Огибая чисто выбеленный саманный дом с аккуратно выкрашенным чёрным фундаментом, босые стопы мягко ступали по выщербленной, прохладной, бетонной дорожке. Над головой, из высоко посаженных кухонных окон, послышался звон посуды. Завершая утренний осмотр двора, минуя колодец, прямо на ходу, не утруждаясь на остановку, бабахнул его по деревянной крышке прихваченной на всякий случай палкой. И снова оказался у крыльца с кустом сирени, но уже с другой стороны дома. Осторожно выглянул за калитку на улицу. Одутловато-сердитых, вечно недовольно булькающих соседских чёрных индюков с красными "сопляками" под клювом, к моему удовлетворению, ещё за ограду не выгнали.
Пронзив взглядом пустынную узкую улочку, уходящую влево и в горку утрамбованной гравийной дорогой, сразу заметил у невысыхаемой лужи на перекрёстке злодейскую стайку гусей.
Топаю я как-то тёплым вечерком один-одинёшенек из детсада домой. Зная, что щиплются крикливые птицы довольно больно, решил обойти их тихонько сторонкой. Когда оставалось совсем немного до поворота на свою улицу к дому, отчего-то решив, что я обижу их желтых гусят, птицы подозрительно громко загоготали и стали бить о землю большущими белыми крыльями. Чуя неладное, я побежал, а они, вытянув длинные шеи, шипя, полетели за мной. Поняв, что от погони уже не уйти, остановился и, снимая сандалии один за другим, стал метать, словно гранатами, в шумных злодеев. Ценой обуви от психов отбился, но как вернуть сандалии теперь?

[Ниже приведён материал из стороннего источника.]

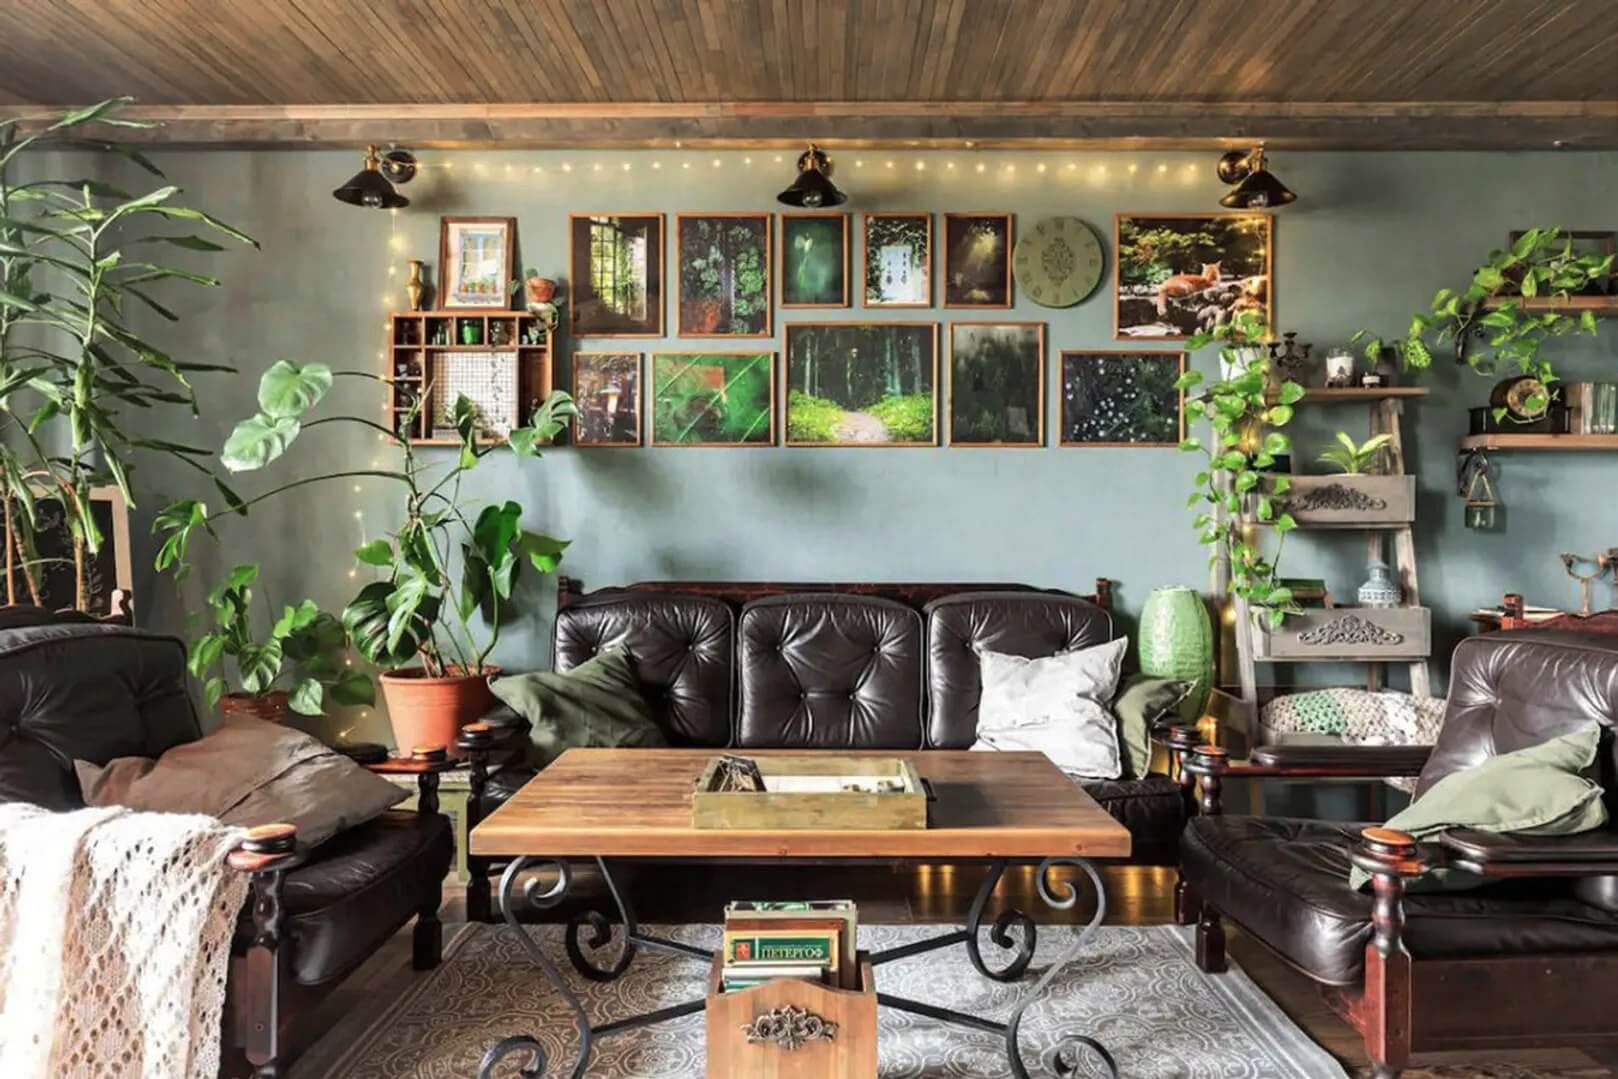 Зона отдыха: кожаные кресла, картины на стене и большое количество растений в горшках.

От утраты и незаслуженно нанесённой обиды заплакал. Шла добрая тётя, отогнала гусей и вернула обувь.
Случались и более экзотические нападения.
Иду с утреца в тот же детсад, в ту же старшую группу. Вдруг, подкравшись со спины, ягнёнок боднул меня маленькими рожками прямо под зад. Обидел - и с довольной мохнатой мордахой - тикать в открытую калитку своего двора.
"Чесал бы свои растущие блестящие рожки об угол забора или о деревья! Надо ж - пхнуть человека исподтишка, да обязательно в самое обидное место! Морда баранья!"...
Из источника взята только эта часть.